However, new research shows that choosing the cheapest option is not necessarily the best solution, indicating that even a slightly wavy room at cost can provide more social, environmental and politically consistent results.
The recently published paper in the Jar Journal relies on the work of Neha Patankar, an assistant professor at Binghamton University. NehaPatankar uses a technique called modeling to generate alternatives (MGAs) for systematically mapping economically and technically viable planning strategies and their trade-offs.

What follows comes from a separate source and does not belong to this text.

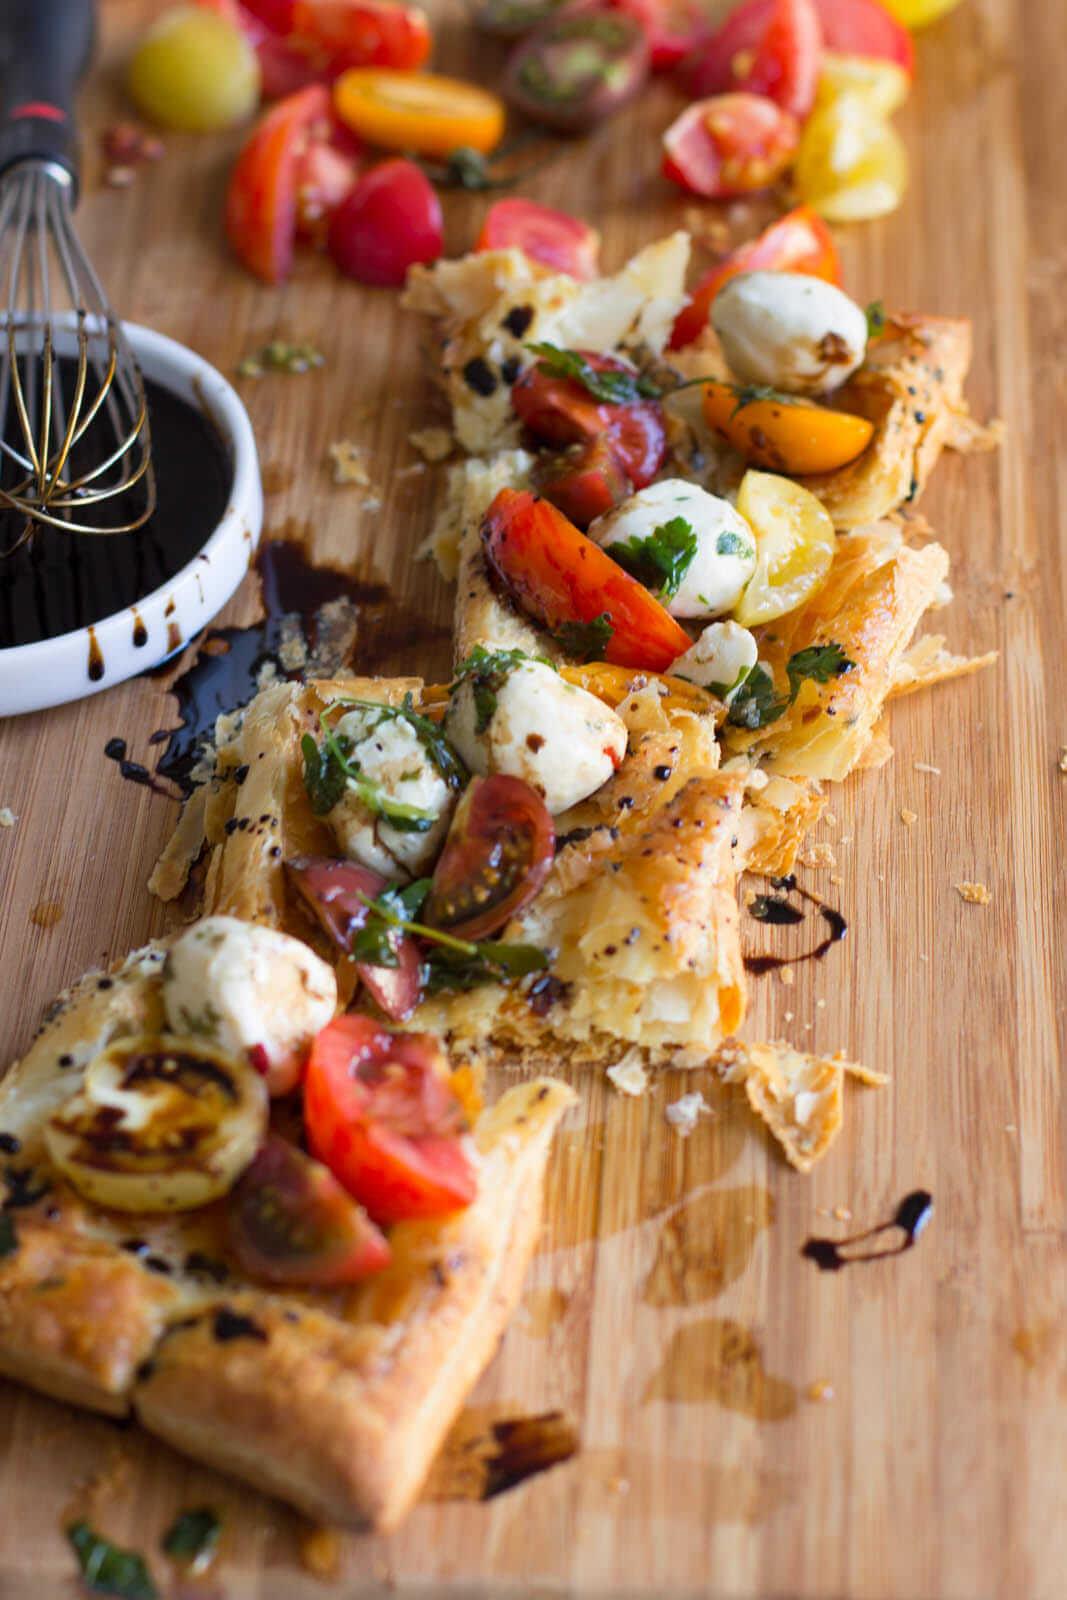 Heirloom Tomato and Mozzarella Tart

Collaborators for the new paper include researchers from the Delft Institute of Technology (Netherlands), UIT (Norwegian Arctic University, Denmark Institute of Technology, Princeton University, Technisch University Berlin and the University of Oslo.
With the growing number of power generation options, from fossil fuels and nuclear to solar, wind and hydroelectric power, determining the right combination of technologies is a complex challenge, not just choosing the lowest-cost option.

Credit: Joule (2025). doi:10.1016/j.joule.2025.102144
“Even a small mitigation of the total system cost of just 2% can lead to a fundamentally different technology portfolio to meet the increased electricity demand,” says Patanker, a faculty member of the Faculty of Systems Science and Industrial Engineering in Thomas J. Watson Engineering and Applied Sciences. “It emphasizes that so-called ‘cost-optimized’ solutions are very sensitive to uncertainty assumptions and can only provide false certainty. ”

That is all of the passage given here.